Maka dari itu pemerintah harus memberi arahan lebih kepada masyarakat mengenai protokol kesehatan. Seperti membuat iklan masyarakat yang eye catching melalui media massa sehingga dapat dikonsumsi semua rentang usia. Lalu mendatangi suatu daerah, Terutama di tempat-tempat yang tinggi angka penularan COVID-19 dan juga tempat-tempat yang belum terjangkau oleh pemerintah setempat. Misalnya, di pedesaan yang notabenenya sulit dijangkau jika melalui penyuluhan yang bersifat online atau melalui media televisi, jadi harus dilakukannya penyuluhan secara langsung oleh pemerintah setempat.
Selain itu Bawaslu sebut pengaturan protokol kesehatan Pilkada hanya sebatas undang-undang. Anggota Badan pengawas pemilu Mochammad Afifudin menyebutkan, ketentuan tentang protokol kesehatan Pilkada yang dimuat Peraturan Komisi Pemilihan Umum (PKPU) Nomor 13 Tahun  2020 terbentur undang-undang. Menurut dia, penyelenggara pemilu sebenarnya ingin membuat peraturan yang lebih progresif terkait protokol.

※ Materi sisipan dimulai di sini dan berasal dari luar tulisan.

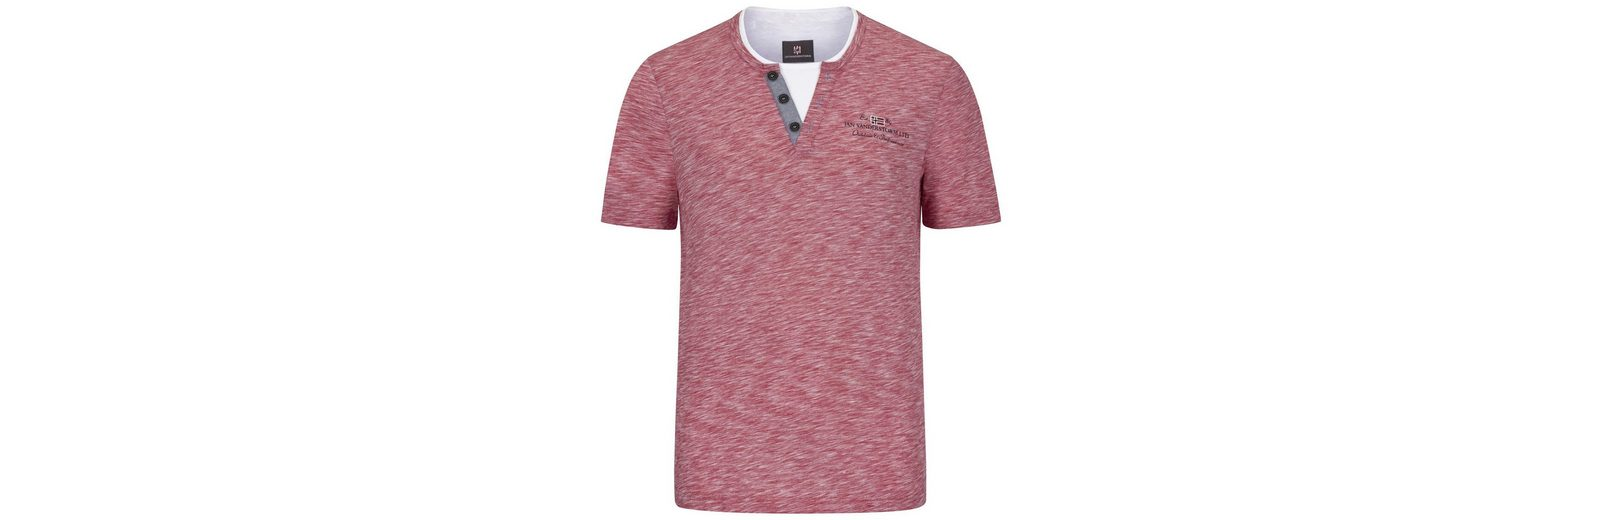 Jan Vanderstorm T-Shirt GUNTHARD Frei Versandkosten Günstig Kaufen Exklusiv hjB5jLB

Namun, dalam membuat aturan, penyelenggara harus tetap berlandaskan oada undang-undang Nomor 10 Tahun 2016. Sementara,UU tersebut tak mengatur protokol kesehatan pilkada di masa pandemi. Afif mengatakan,dengan kondisi ini, idealnya ketentuan tentang protokol kesehatan diatur dalam peraturan pemerintah pengganti undang-undang (Perppu). Namun pada akhirnya, Perppu tak di terbitkan sehingga protokol Pilkada hanya diatur di PKPU saja.
Meski hanya diatur di PKPU,kata Afif, penyelenggara pemilu sudah berupaya merancang tahapan Pilkada 2020 disesuaikan dengan protokol kesehatan. Misalnya, melarang kegiatan kampanye yang berpotensi menciptakan kerumunan massa, mewajibkan penggunaan alat pelindung diri seperti masker dan hand sanitizer di setiap tahapan, hingga pemberian sanksi bagi pelangar protokol kesehatan.

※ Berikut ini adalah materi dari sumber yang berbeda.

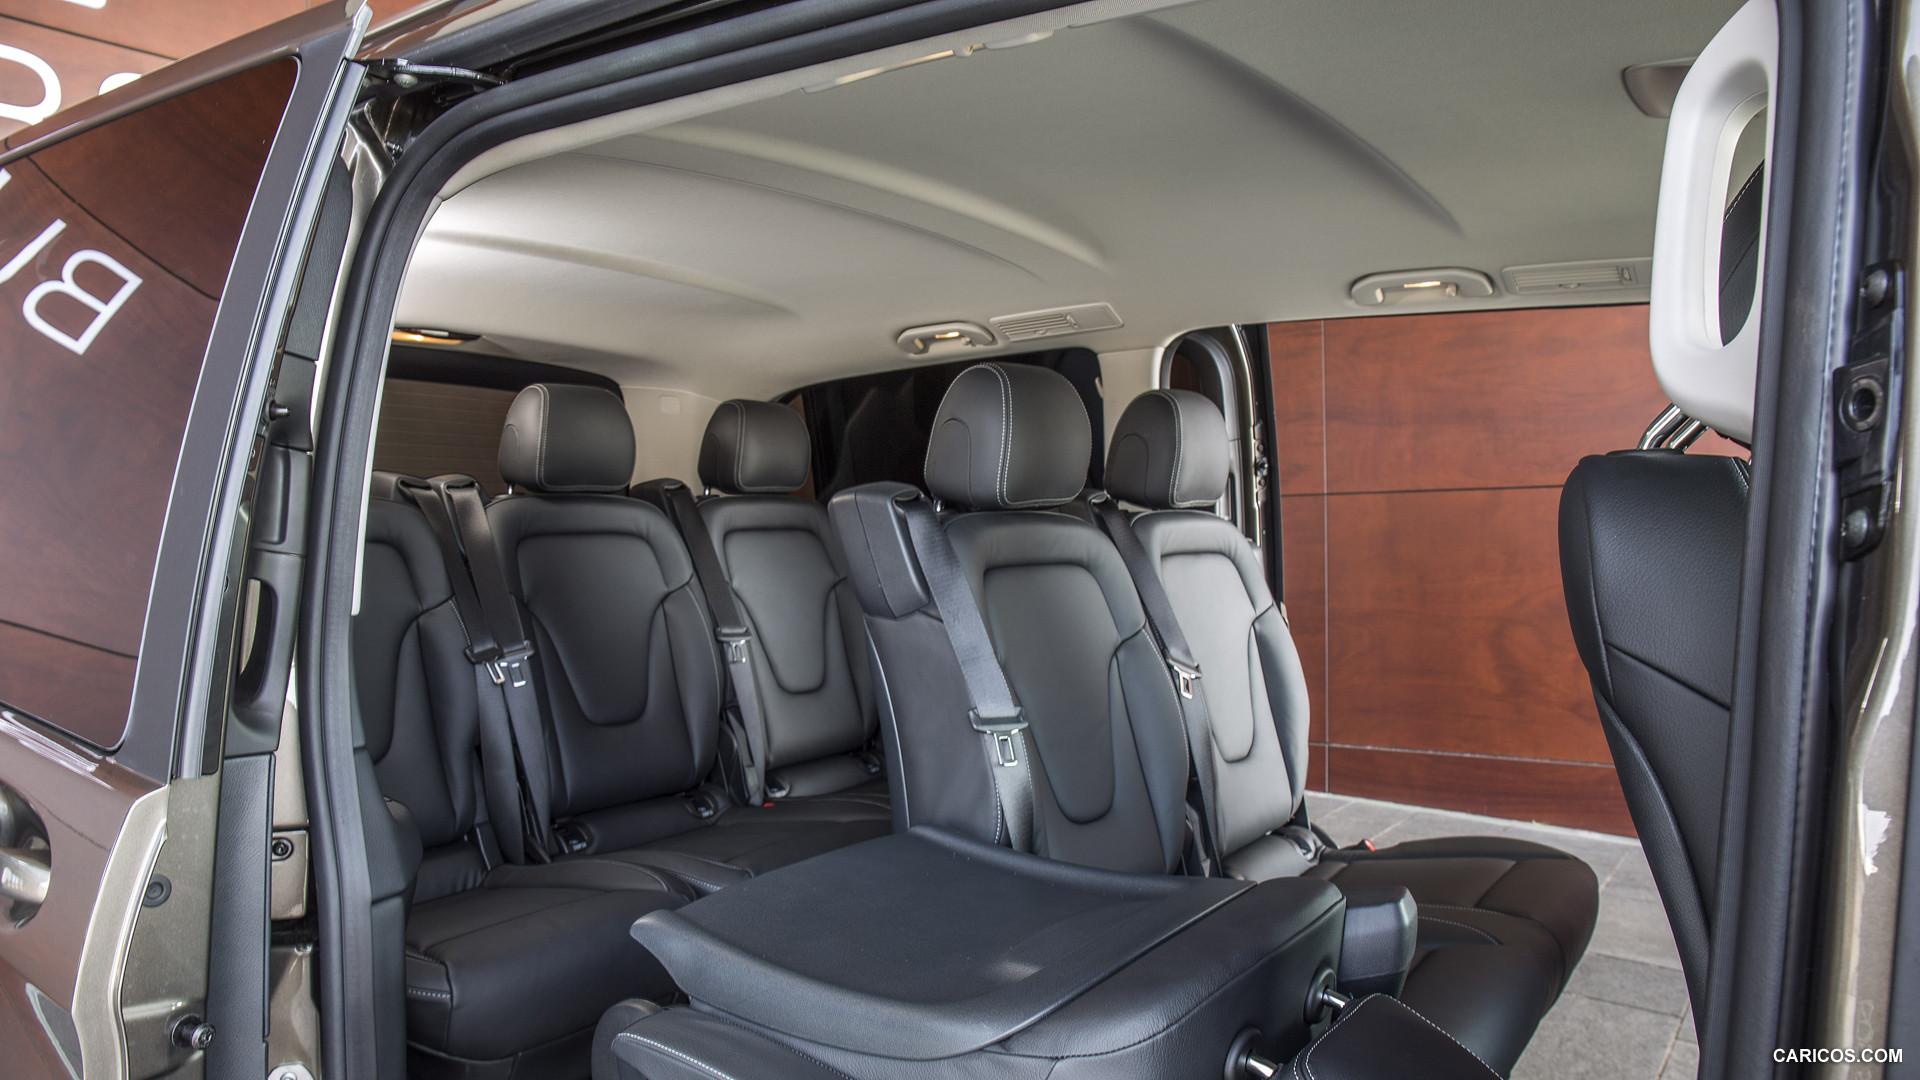 2015_mercedes-benz_v-class_Black seats_208_1920x1080.jpg

Afif berharap,pengaturan dalam PKPU ini dapat dipatuhi seluruh pihak yang terlibat dalam penyelenggaraan Pilkada 2020. Ia juga berharap supaya ke depan kerumunan masssa di tahapan Pilkada tidak terjadi lagi.
Diberitakan, Komisi Pemilihan Umum (KPU) menerbitkan Peraturan KPU (PKPU) Nomor 13 Tahun 2020 tentang Pilkada Serentak Lanjutan dalam Kondisi Bencana Non-alam Covid-19 pada 23 September 2020. PKPU tersebut merupakan bentuk perubahan kedua atas PKPU Nomor 6 Tahun 2020.
Revisi PKPU ini merupakan tindak lanjut dari kesepakatan antara Komisi II DPR RI bersama pemerintah dan penyelenggara pemilu. Sebelum memutuskan revisi PKPU, pemerintah sempat mempertimbangkan penerbitan Peraturan Pemerintah Pengganti Undang-undang (Perppu) untuk mengatur protokol kesehatan di Pilkada.
Langkah pemerintah dalam merancang tahapan Pilkada 2020 sedemikian rupa adalah langkah yang cukup baik dan melihat dengan cara pemerintah memiliki upaya untuk mencegah hal kecil yang dapat berdampak besar jika dibiarkan terjadi.
Pemerintah mungkin dapat lebih meneliti hal-hal kecil menyimpang yang sering terjadi di masyarakat pada umumnya dan menetralisir terjadinya hal tersebut. Karena meskipun kita sudah mempertimbangkan hal sedemikian rupa dan semaksimal mungkin untuk mencegah hal yang tidak diinginkan, hal tersebut tetap dapat terjadi.
Bukannya ingin menuntut pemerintah untuk sempurna, tapi dengan melihat adanya peristiwa yang sudah terjadi, misalnya kita memiliki 100% ketetapan tapi hanya 60% nya saja yang terlaksana maka dari itulah pemerintah seharusnya lebih memperketat dan mempertegas aturan-aturan yang sudah ditentukan kepada masyarakat, agar masyarakat pun dapat berfikir bahwa aturan itu sebenarnya nyata dan harus dilaksanakan.